» The data

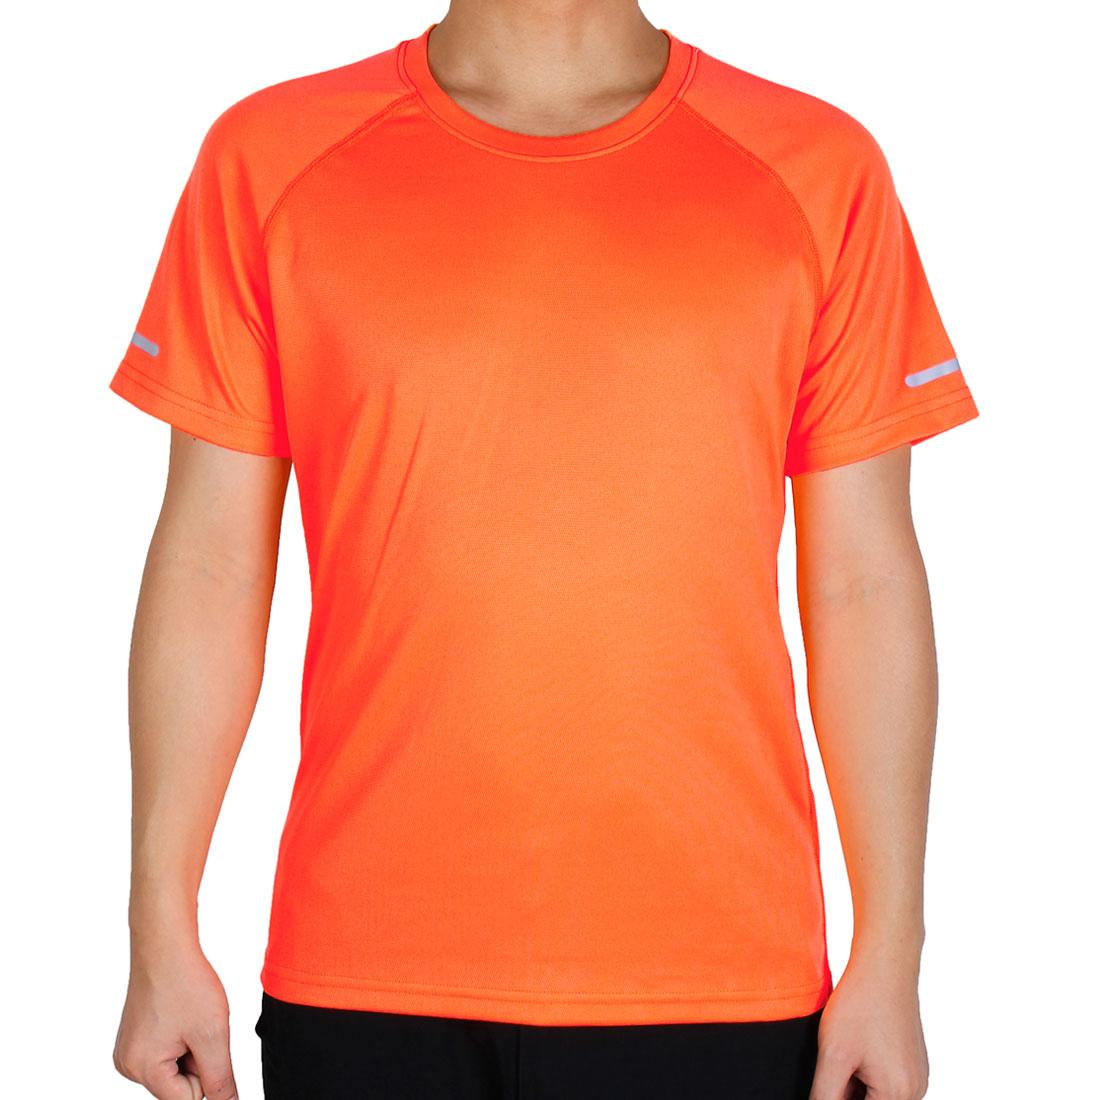 Men Moisture Wicking Short Sleeve Tee Outdoor Exercise Sports T-shirt Orange M
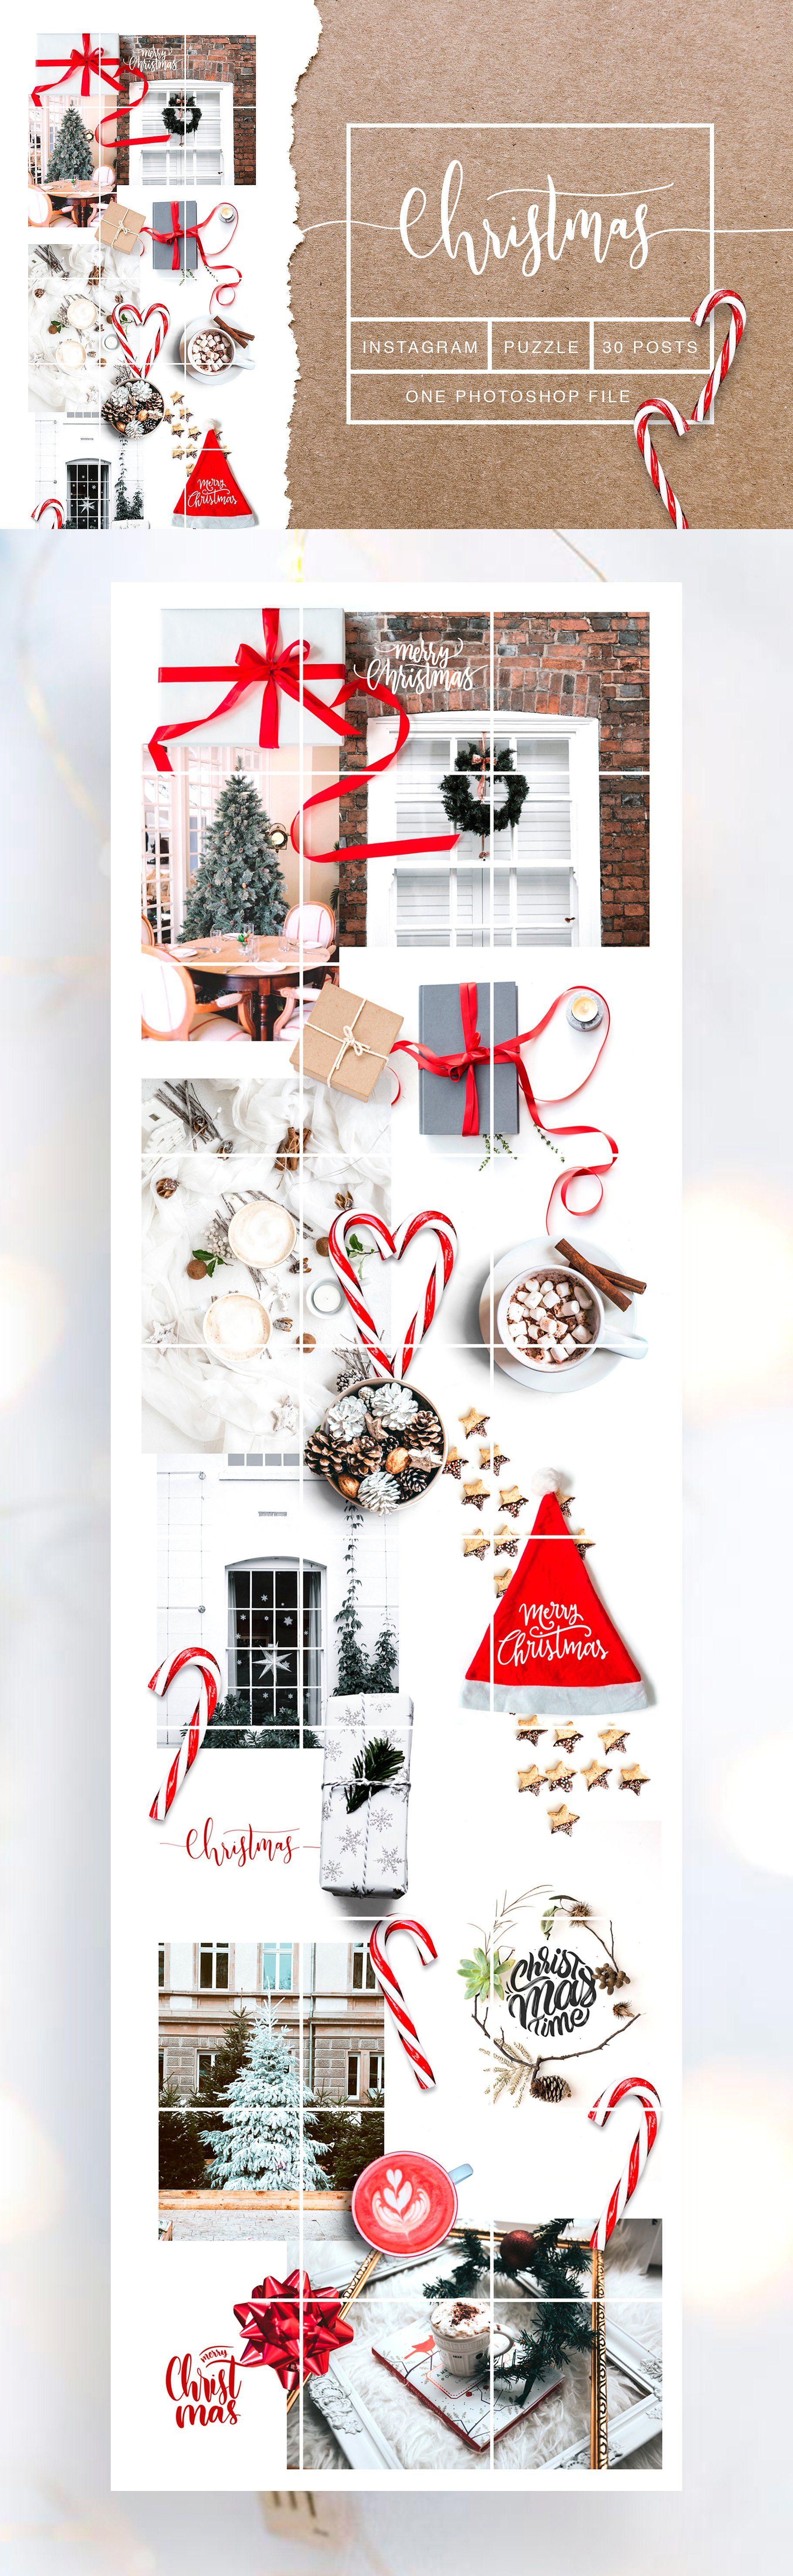 Christmas Insta Puzzle Psd Canva Instagram Diy Website Instagram Template
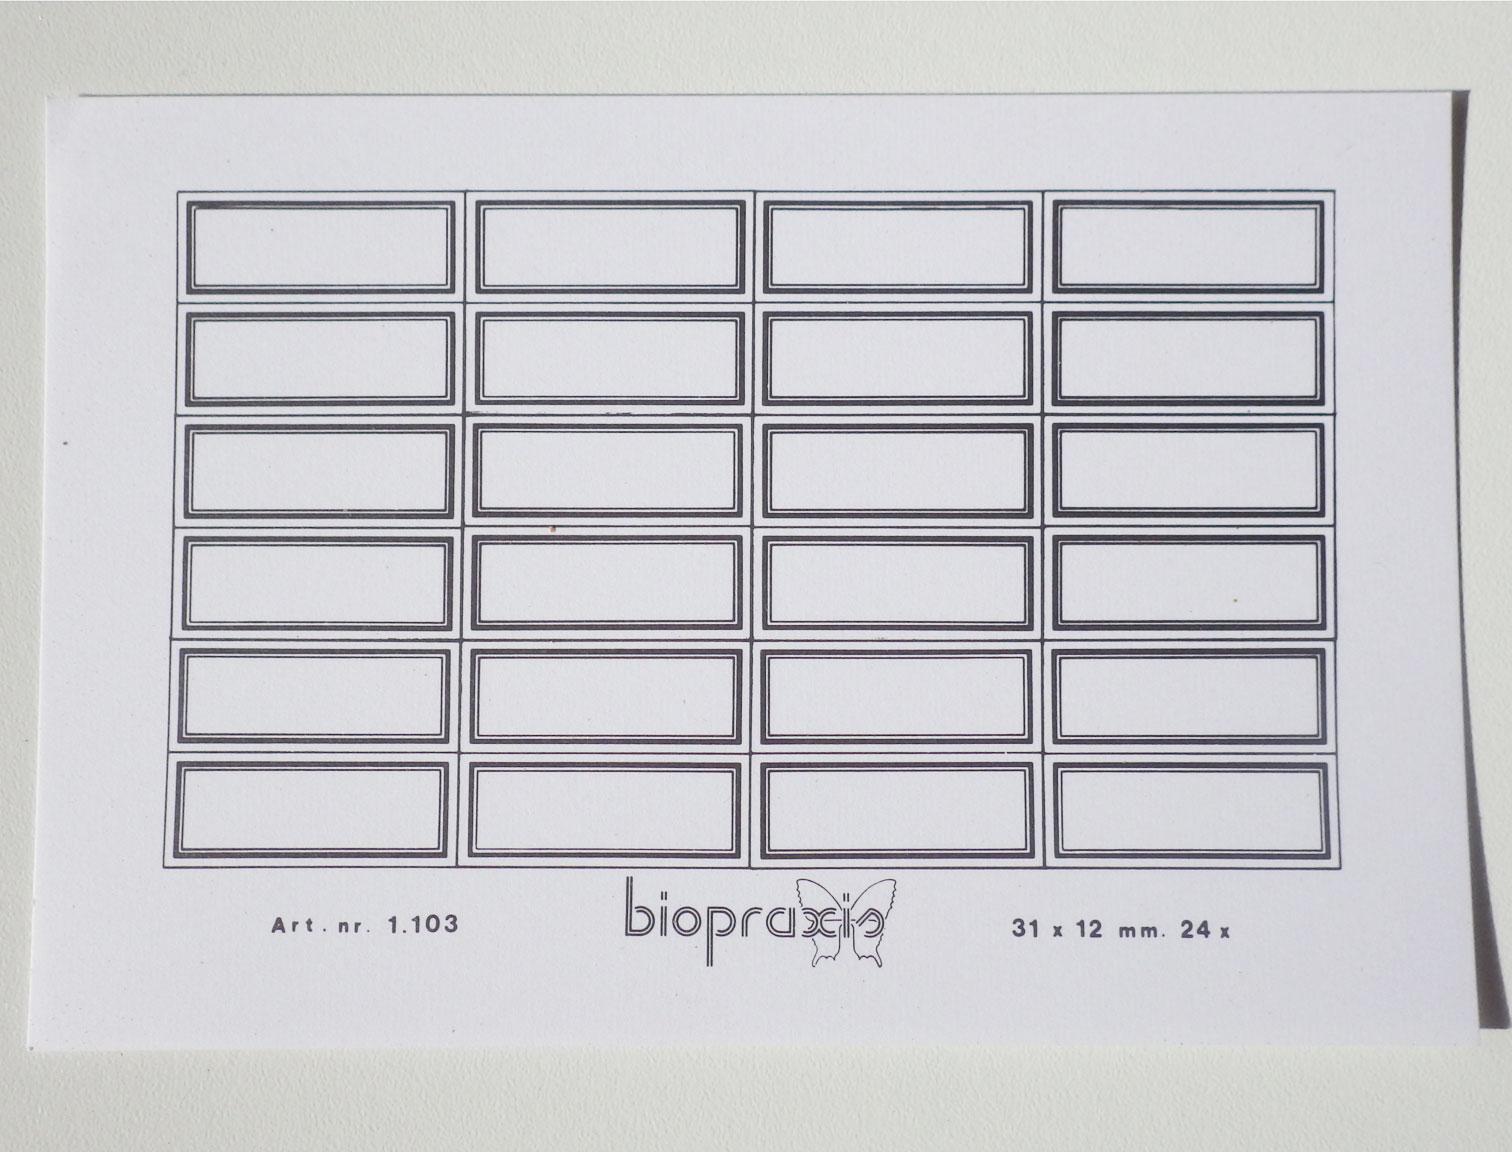 biopraxis-31x9-2
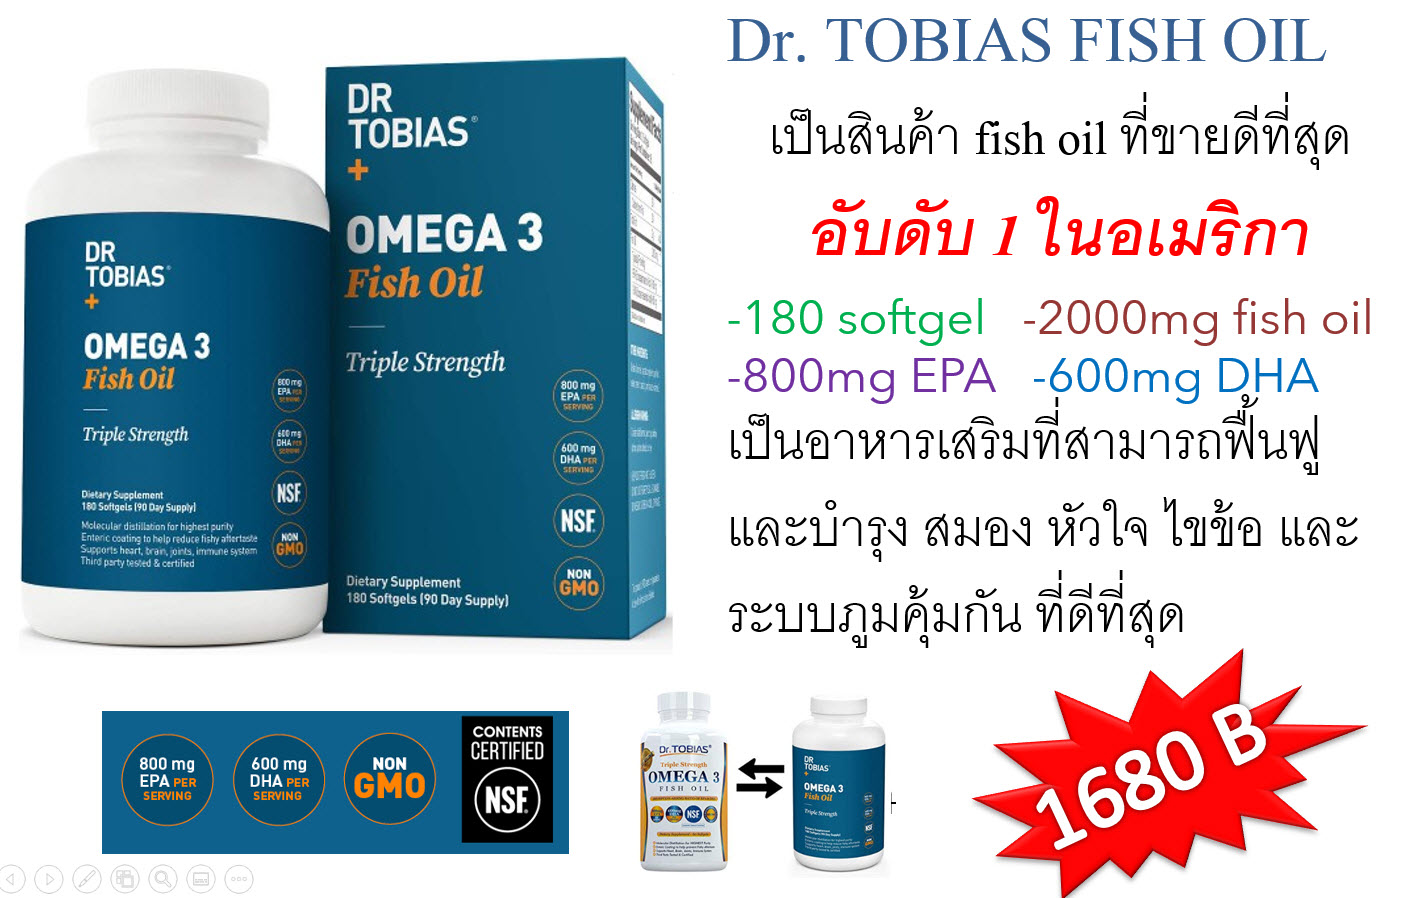 Dr. TOBIAS FISH OIL ยี่ห้อไหนดี ราคา

» About this exercise
If a picture appears in the data, omit it; transcribe all the rest exactly.

» Task answer
 Men Moisture Wicking Short Sleeve Tee Outdoor Exercise Sports T-shirt Orange M
 Christmas Insta Puzzle Psd Canva Instagram Diy Website Instagram Template
 biopraxis-31x9-2
 Dr. TOBIAS FISH OIL ยี่ห้อไหนดี ราคา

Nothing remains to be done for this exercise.